# Hydrogen and Helium Mining



## AlexanderSen (Nov 13, 2015)

How would one go about mining hydrogen or helium in a realistic way given our current state of technology? I have read that there is an abundance of helium 3 on the surface of the moon, and Hydrogen is abundant through out the universe. Is one or the other of these elements more plausible and easier to mine than the other? Also, what kind of machines and processes are necessary for this to work?


----------



## Serendipity (Nov 13, 2015)

Helium three is of most interest as it would be used for fusion reactions and hence energy generation. A lot of work has been done on the helium three - sweeping it up off the surface of the Moon and using spacecraft to skim the atmospheres of Uranus and Neptune to gather it (not Jupiter or Saturn because of their gravities). 

There is a natural third place to look for it - but I'm keeping that up my sleeve as it's the subject of a short story I have written.


----------



## SilentRoamer (Nov 13, 2015)

In SF you tend to see a lot of asteroid mining which might make sense given the following:

1. You don't need to worry about environmental damage.
2. You have a huge amount of resource in the Asteroid belt.
3. Probably the biggest plus would be fuel efficiency. Mining down a gravity well means a lot of resource is going to be used for entry and exit, even the smaller Gas Giants are going to take sufficiently more fuel to reach escape velocity.

Depending on the technology you are going to use the Sun could be a huge source of Hydrogen. Same with Jupiter.


----------



## Venusian Broon (Nov 13, 2015)

Hydrogen - just look for water. And you get oxygen...and water as well. Very useful. 

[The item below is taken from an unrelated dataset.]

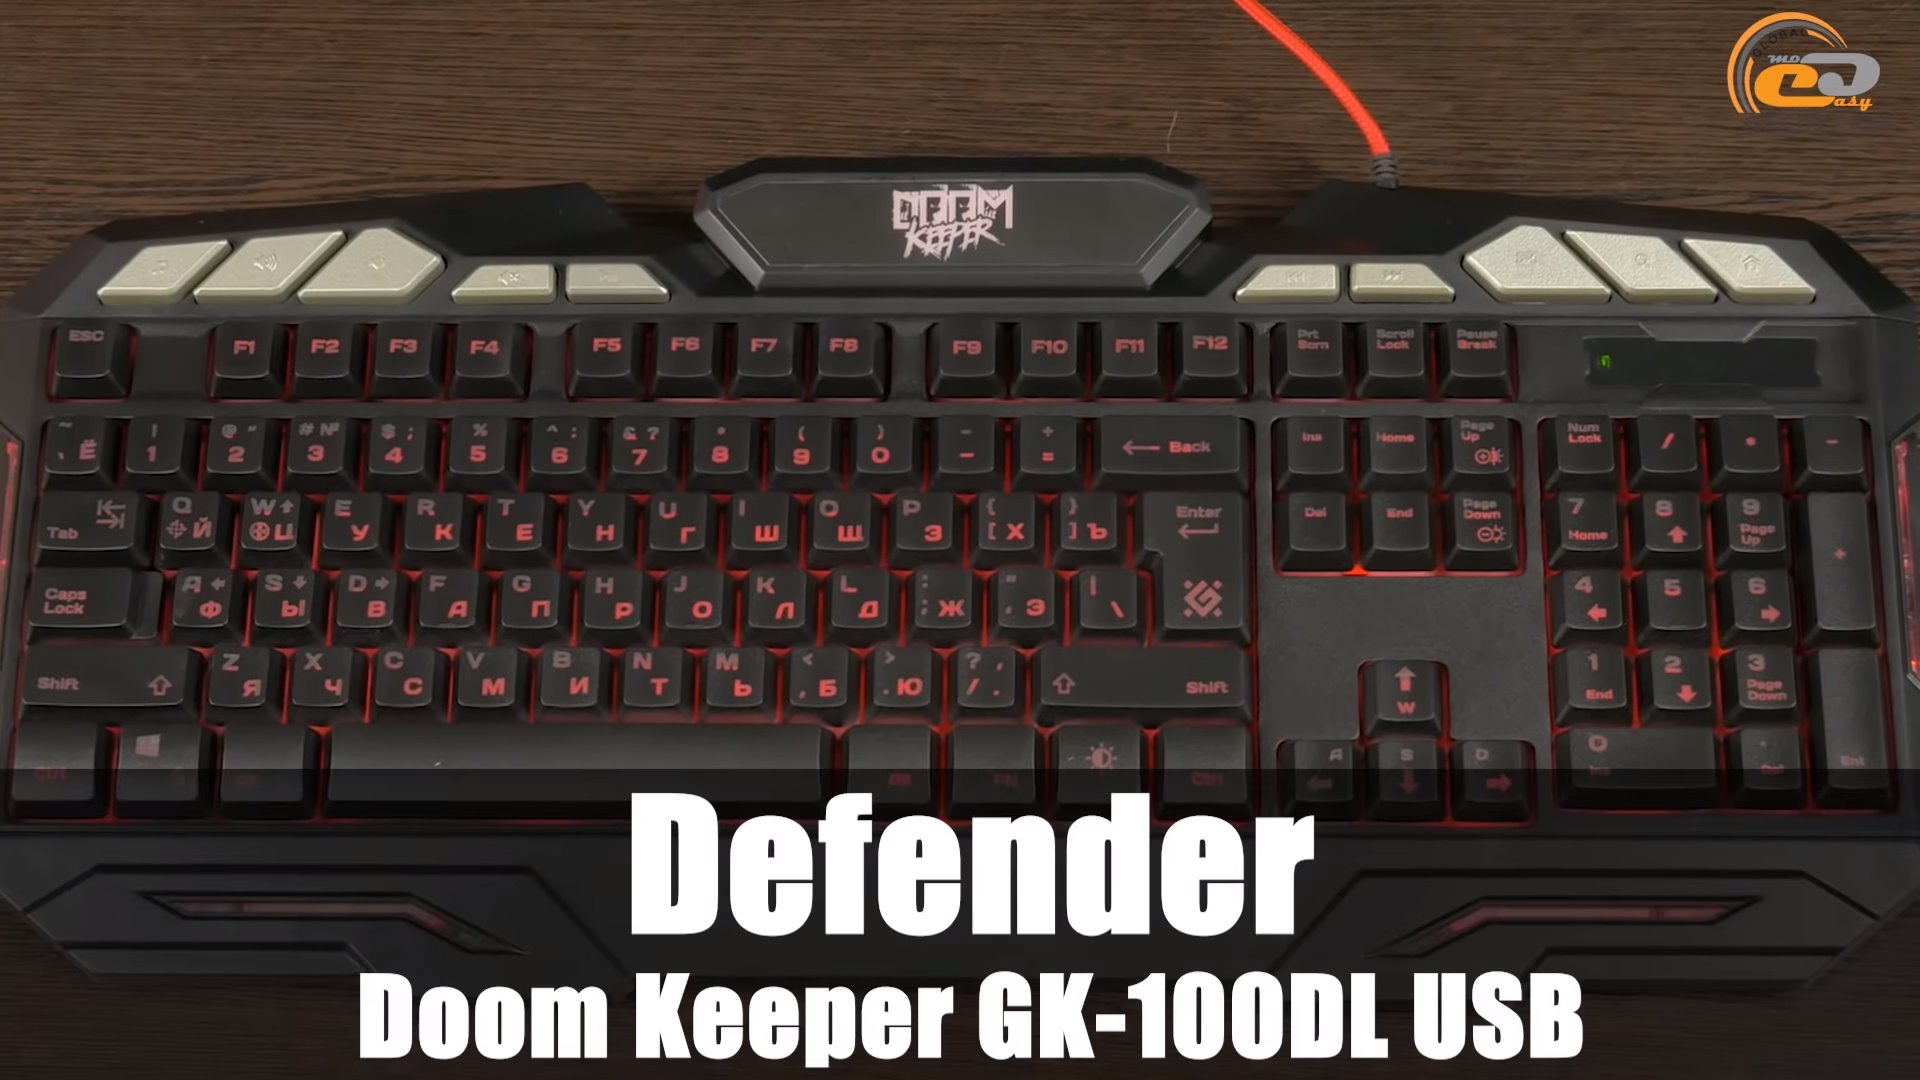 Defender doom keeper. Клавиатура Doom Keeper. Клавиатура Defender Doom Keeper. Defender Doom Keeper GK-100dl. Раскладка клавиатуры Doom Keeper.

Helium three is apparently 'abundant' on the surface of the moon as a result of the solar wind being stopped by the moons surface. I see Wikipedia states however you would have to process 150 million tons of moon regolith to get one ton of Helium three. (although there may be pockets that only require 50 million tons of crunching rock!) Other sources of Helium three - such as on a large gas giant - would obviously require a different approach.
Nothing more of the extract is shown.